Machine Memory

The Machine Memory component forms the backbone of state persistence and concurrency control in the Arvo orchestration system. It embodies a carefully considered balance between reliability and simplicity, implementing an optimistic locking strategy that prioritizes system recovery over perfect consistency.

Design Philosophy

State management in distributed systems presents unique challenges that require careful consideration of failure modes and recovery patterns. The Machine Memory interface adopts an optimistic approach to handling transient failures, implementing targeted retry strategies for different operations based on their impact on system consistency. Read operations employ a measured retry strategy with backoff, acknowledging that temporary unavailability should not immediately fail orchestration attempts. In contrast, write operations fail fast to maintain state consistency, as retrying writes could lead to incorrect state transitions or duplicate processing.

The locking mechanism follows the principle of "fail fast on acquire, be tolerant on release." This approach recognizes that while acquiring a lock is a critical operation that must succeed definitively, lock release failures should not block system progress. A mandatory TTL mechanism ensures system recovery even when explicit lock releases fail, preventing resource deadlocks while maintaining processing guarantees.

Interface

The IMachineMemory interface encapsulates these principles through four core operations. Each operation has specific reliability characteristics and error handling requirements derived from extensive experience with distributed orchestration systems:

interface IMachineMemory<T extends Record<string, any>> {
  read(id: string): Promise<T | null>;
  write(id: string, data: T): Promise<void>;
  lock(id: string): Promise<boolean>;
  unlock(id: string): Promise<boolean>;
}

Simple Implementation

While the interface supports sophisticated distributed implementations, the SimpleMachineMemory class provides an in-memory reference implementation suitable for development and testing scenarios. This implementation maintains atomic operations and correct locking semantics within a single node, making it ideal for container applications and request-scoped workflows.

const memory = new SimpleMachineMemory();
const orchestrator = createArvoOrchestrator({
  memory,
  executionunits: 0.1,
  machines: [workflow],
});

Production Implementations

Production deployments require careful consideration of distributed system challenges. When implementing the IMachineMemory interface for production use, several key aspects demand attention. The locking mechanism must include TTL-based expiry to prevent permanent resource locks, while read operations should implement a carefully tuned retry strategy that balances availability with responsiveness. Write operations must prioritize consistency, failing fast rather than potentially corrupting state through retry attempts.

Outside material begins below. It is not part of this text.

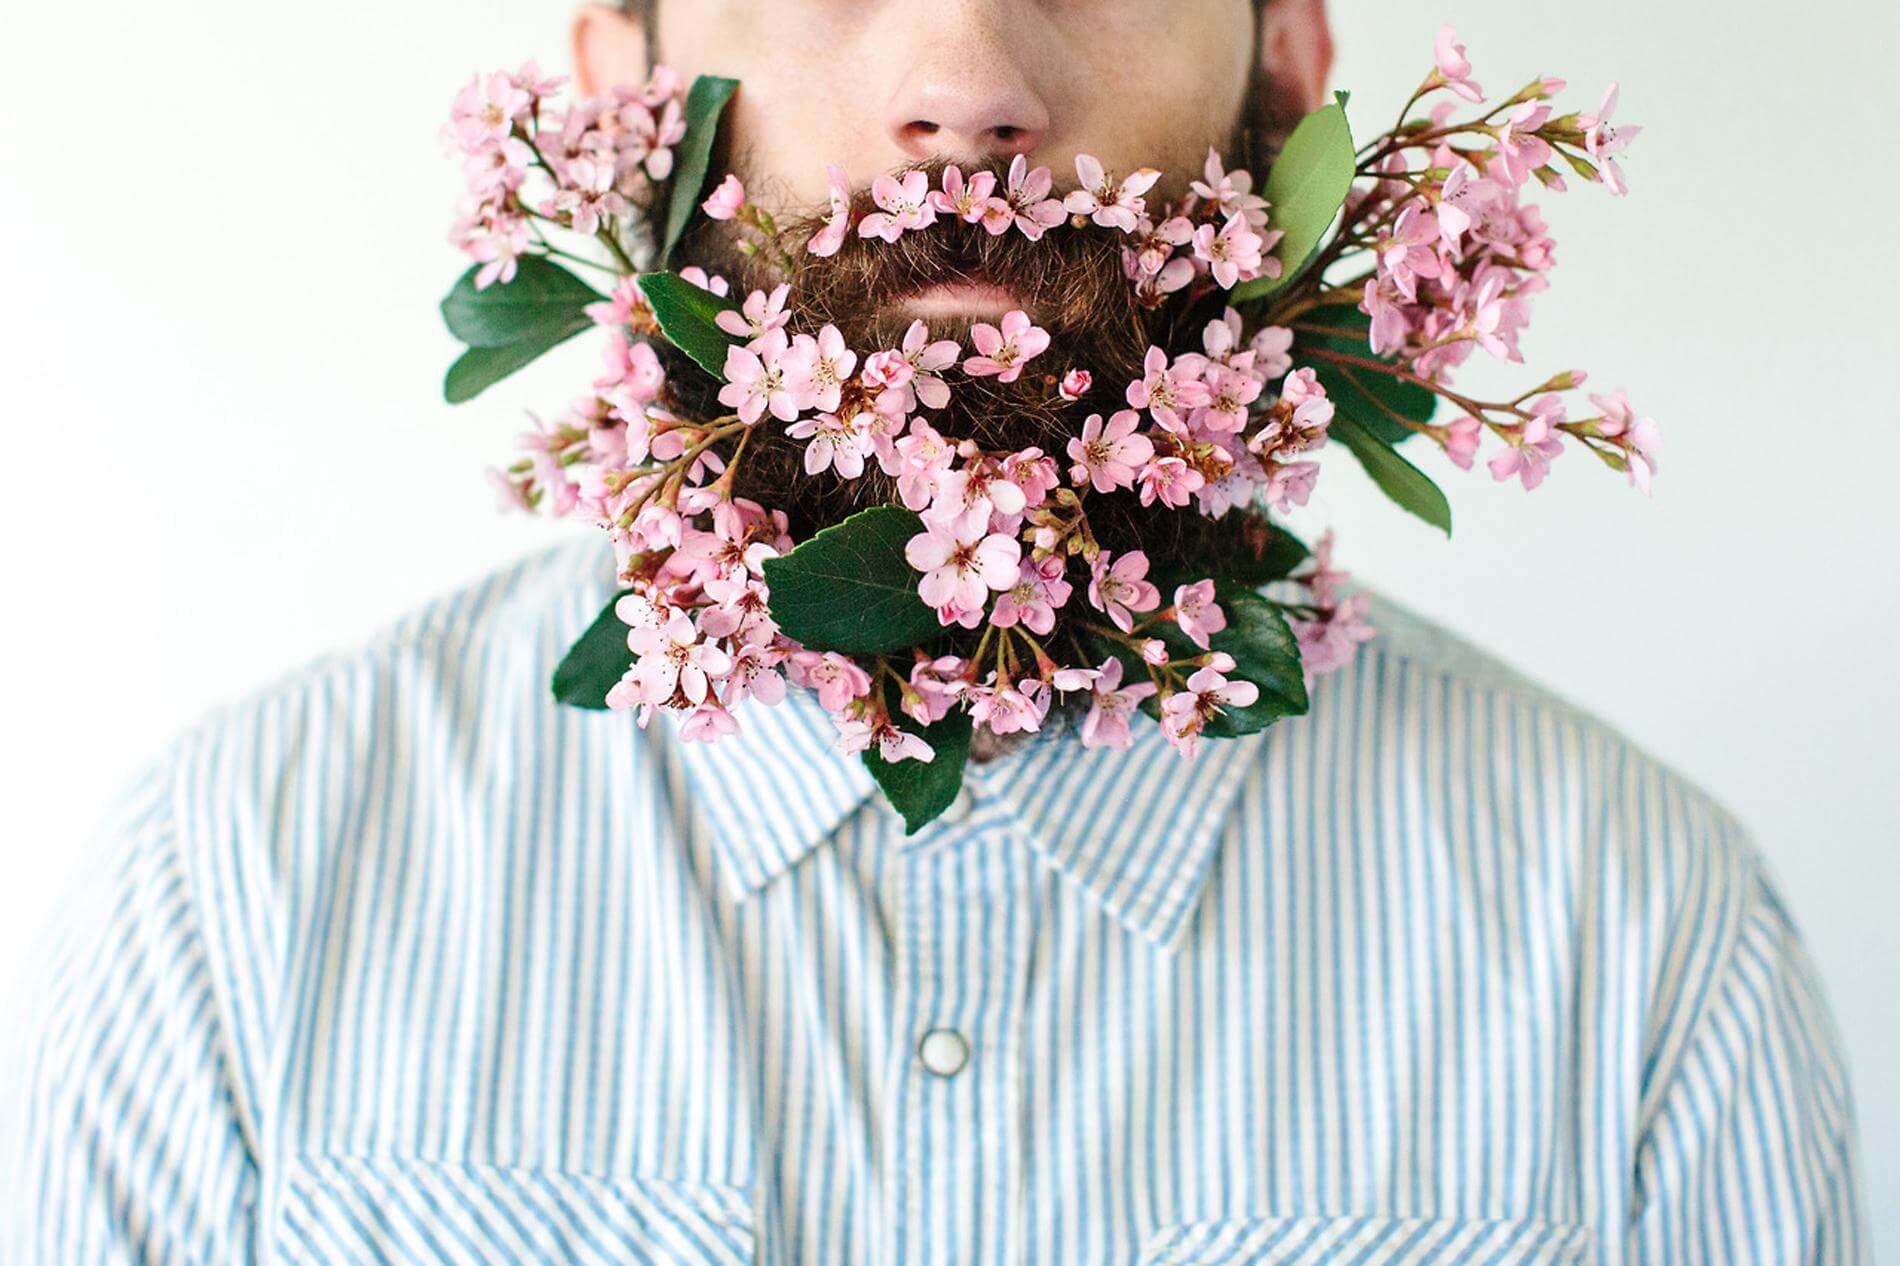 Мужчина со цветами. Мужчина с цветами. Бородатый мужчина с цветами. Красивый мужчина с цветами. Мужчина с цветами в бороде.

Example of a Redis-based implementation considering these factors:

class RedisMachineMemory implements IMachineMemory<MachineMemoryRecord> {
  constructor(private redis: Redis) {}

  async read(id: string): Promise<MachineMemoryRecord | null> {
    // Implementation with retry strategy
  }
  // Additional implementation...
}

Observability and Monitoring

The Machine Memory system plays a critical role in orchestration reliability, making observability essential. Implementations should integrate with OpenTelemetry to provide insights into operation latencies, failure rates, and lock acquisition patterns. This telemetry helps identify potential bottlenecks and system health issues before they impact reliability.

Implementation Guidelines

A successful Machine Memory implementation must carefully consider error handling, timeout configurations, and retry strategies. Read operations should implement quick retries with exponential backoff, while writes should fail fast to maintain consistency. Lock operations require careful timeout configuration with mandatory TTL mechanisms to prevent deadlocks. These guidelines emerge from practical experience with distributed orchestration systems and aim to balance reliability with operational simplicity.

The interface's design recognizes that perfect consistency is often less important than reliable system recovery in distributed orchestration scenarios. By providing clear behavioral contracts and implementation guidelines, it enables developers to create robust state management solutions while avoiding common distributed systems pitfalls.